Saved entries

^^^^^^^^^^^^^^^^

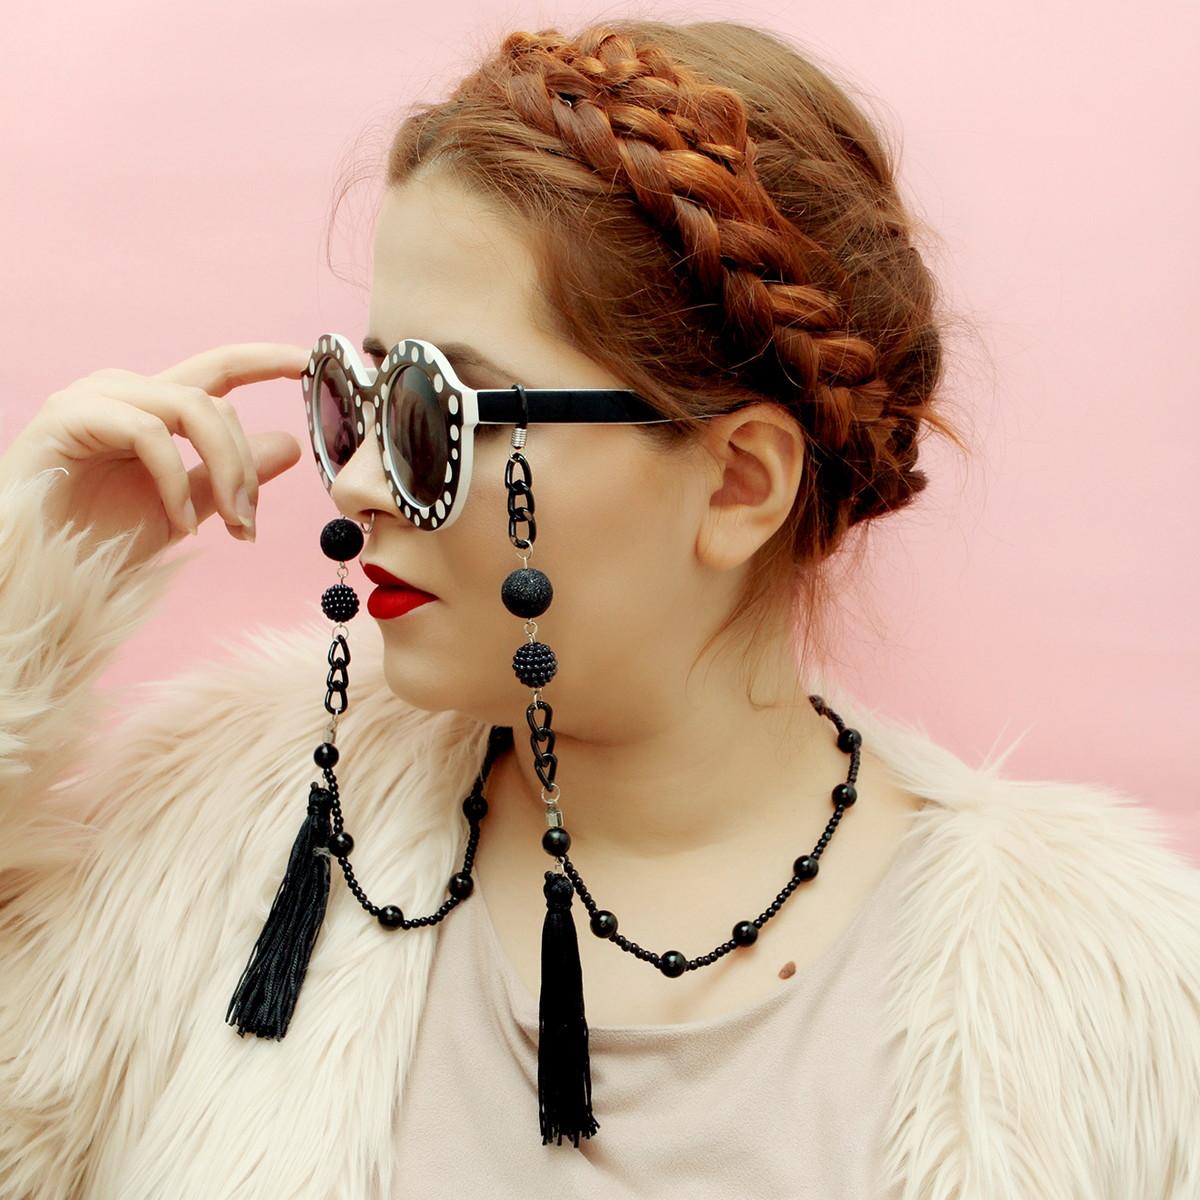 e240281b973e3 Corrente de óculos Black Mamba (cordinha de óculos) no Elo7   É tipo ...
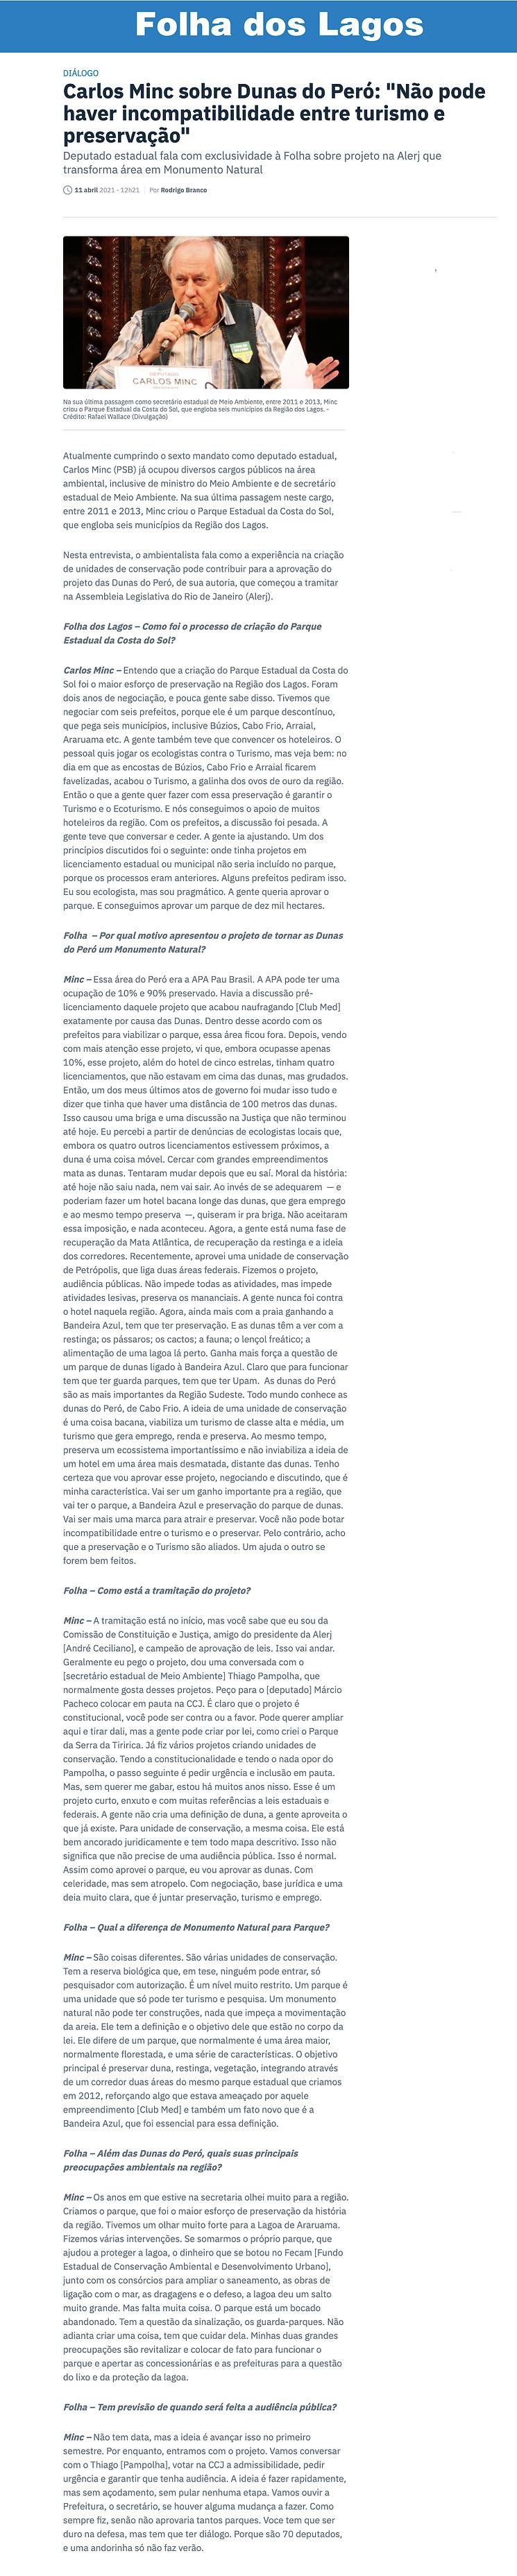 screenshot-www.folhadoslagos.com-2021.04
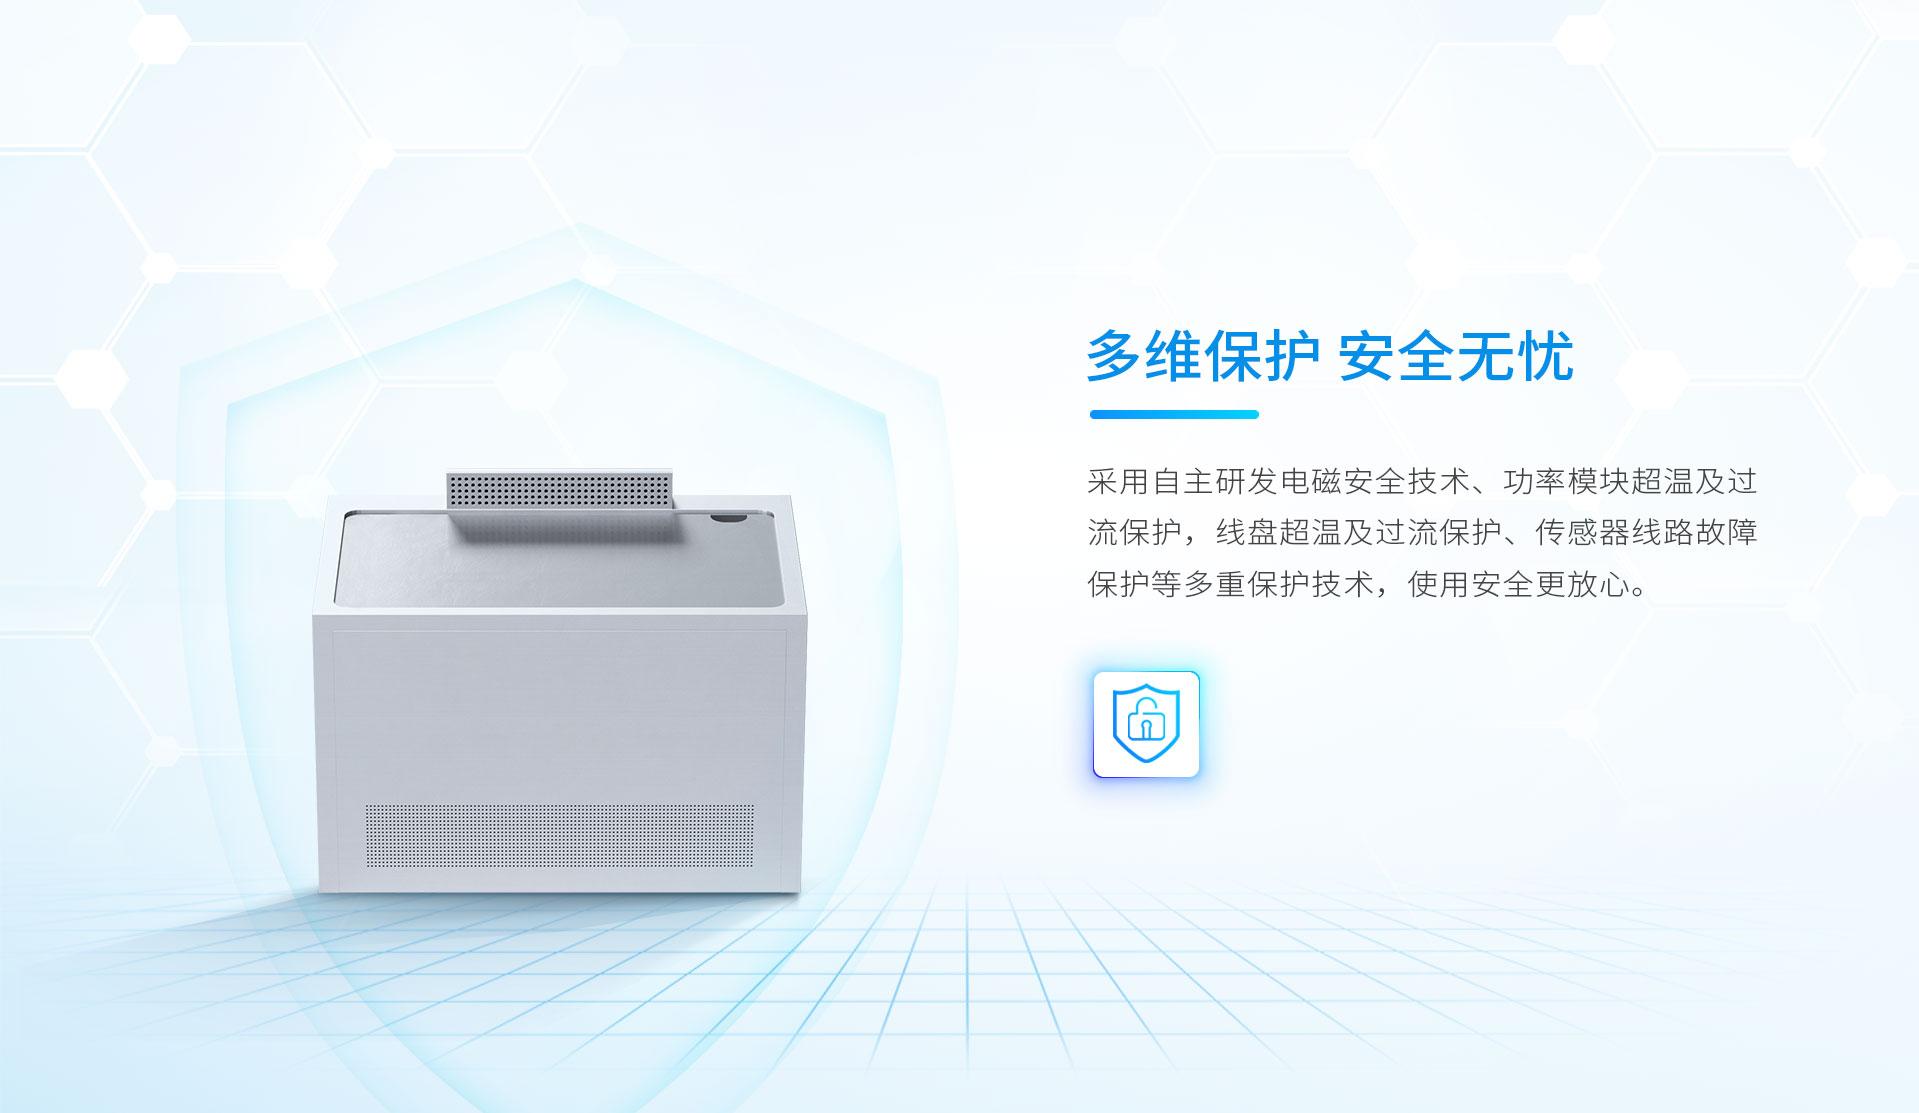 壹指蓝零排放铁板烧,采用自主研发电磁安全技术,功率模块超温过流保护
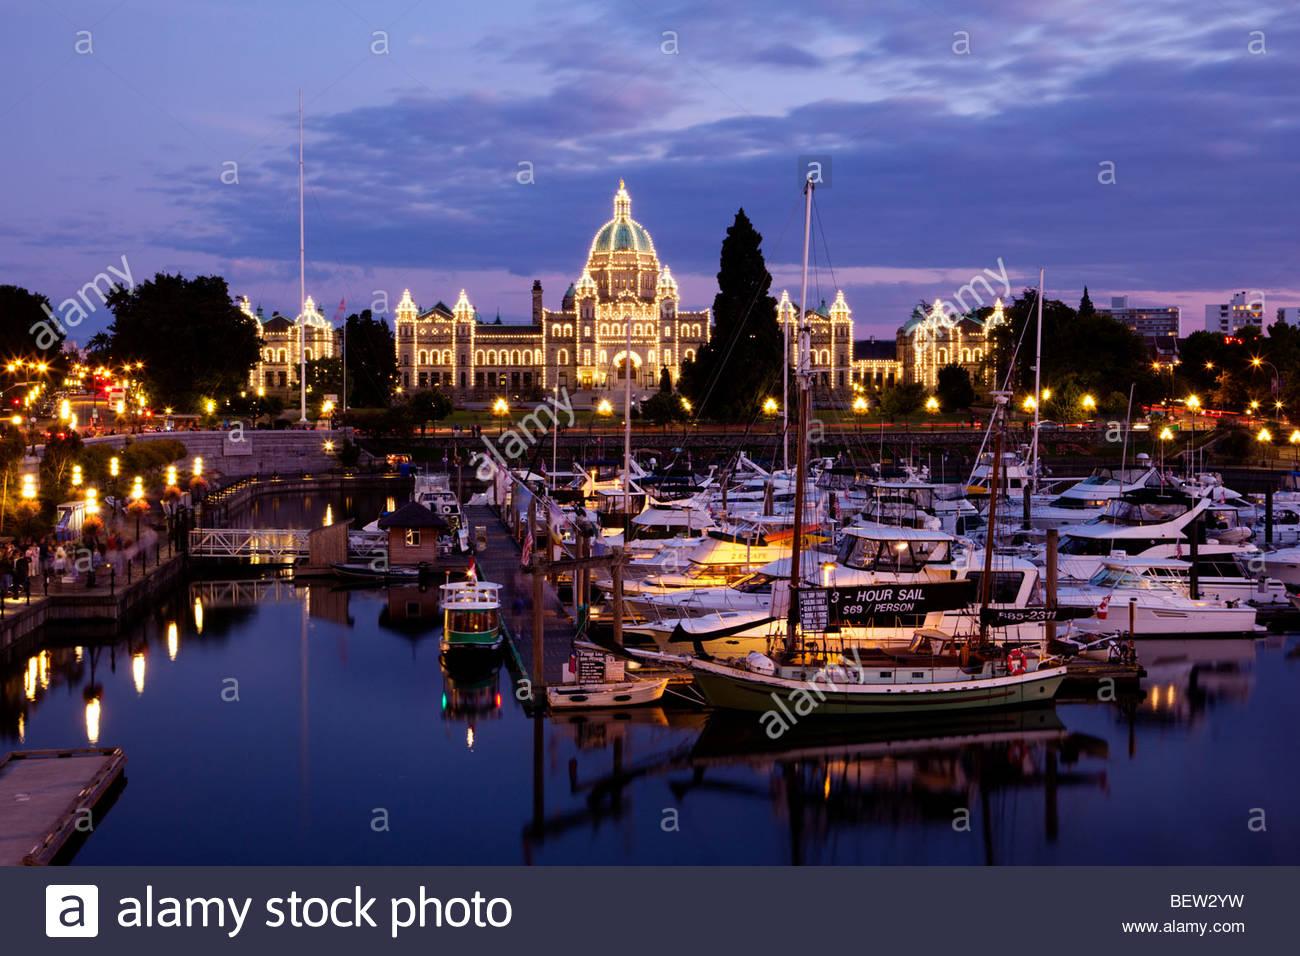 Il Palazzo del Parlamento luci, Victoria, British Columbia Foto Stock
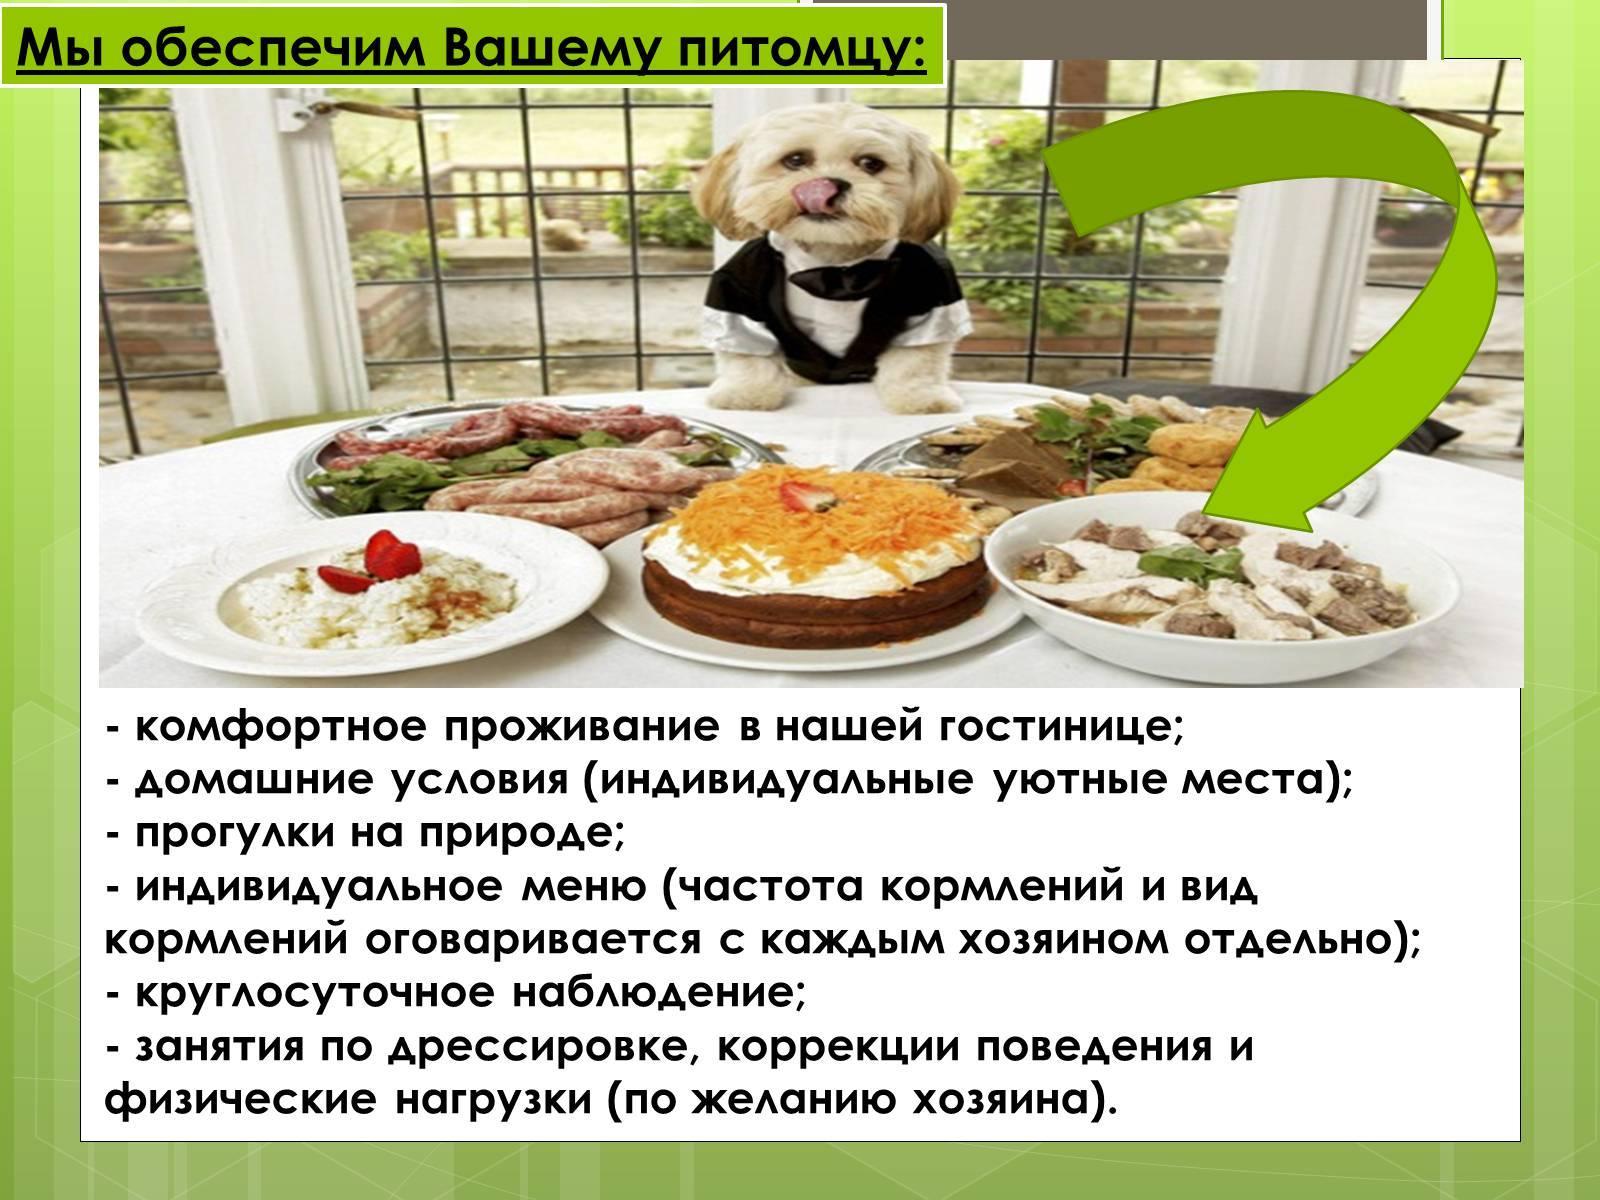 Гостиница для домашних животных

^^^^^^^^^^^^^^^^

Please restate word for word the lines above, starting with the line that holds "壹指蓝零排放铁板烧,采用自主研发电磁安全技术,功率模块超温过流保护" and ending with the final line of the records, while leaving out pictures.

 壹指蓝零排放铁板烧,采用自主研发电磁安全技术,功率模块超温过流保护
 Il Palazzo del Parlamento luci, Victoria, British Columbia Foto Stock
 Гостиница для домашних животных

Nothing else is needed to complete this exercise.